I am curious if ppl are using TSDB's for business predictions, machine learning, exploratory visualisation, datascience and AI. I got curious after seeing a udacity course on tsdb predictions.

https://www.udacity.com/course/time-series-forecasting--ud98...

dominotw - 18 hours ago

Nice article but is it deliberate that you don't mention getting data into the database (line protocol or similar) or analysing the results and displaying them.

Input = use postGres Output = Grafana has a postGres data source which I assume works and mention in timescales b's issues of a Grafana query helper.

Also lack of analysis, consolidation (continuous queries) and retention policies.

I am however intrigued as it does seem to hit my sweet spot of 100's of servers each with 5 to 10 different series of 10 metrics each, every 10 sec.

Database size might be an issue, as would the complexity of deployment (a big win for Prometheus rather than influxdb though).

Final thoughts Can't help feeling this looks like a few input scripts running on postGres rather than a system solution for metrics and annotations.

mintyc - 8 hours ago

Does anyone have thoughts on why Postgres shouldn't provide:

- Automatic sharding of tables per-"shard key".

- Automatic sharding of those keyed shards by the range of some primary index.

Doesn't this get you 90%+ of the way there? (There's no "adaptive" time bucketing, I guess.)

For the record, I am a veteran of a naive Postgres time series scheme that was brought to its knees by seek times.

evdev - 18 hours ago

At the end of the day Influx is going to be cerchunking along like the square wheel garbage collection is with occasional wild memory and latency gyrations. Couple with that a log structured tree for more "fun".

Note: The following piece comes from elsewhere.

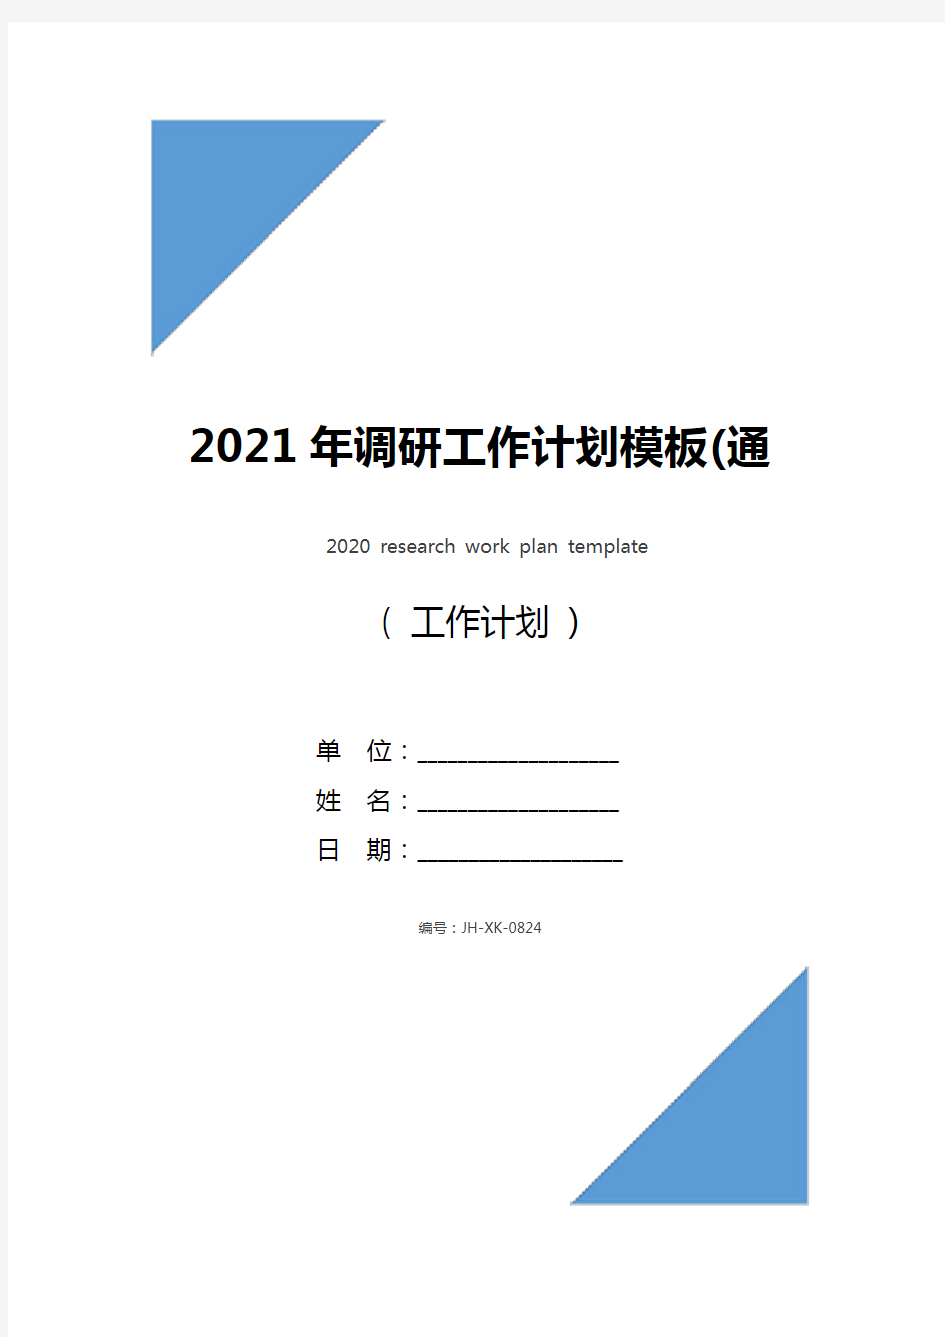 2021年调研工作计划模板(通用版)

C doesn't guarantee you wont do things like that, but Timescale is built in such a way as to minimize most of this kind of extreme waste in patrols with full postgres user experience.

kev009 - 19 hours ago

Why not compare it with the market leader kdb+? https://kx.com/media/2018/06/KdbTransitive-Comparisons.pdf

hellomichibye - 17 hours ago

Would love a comparison to Market Store https://github.com/alpacahq/marketstore

freediver - 14 hours ago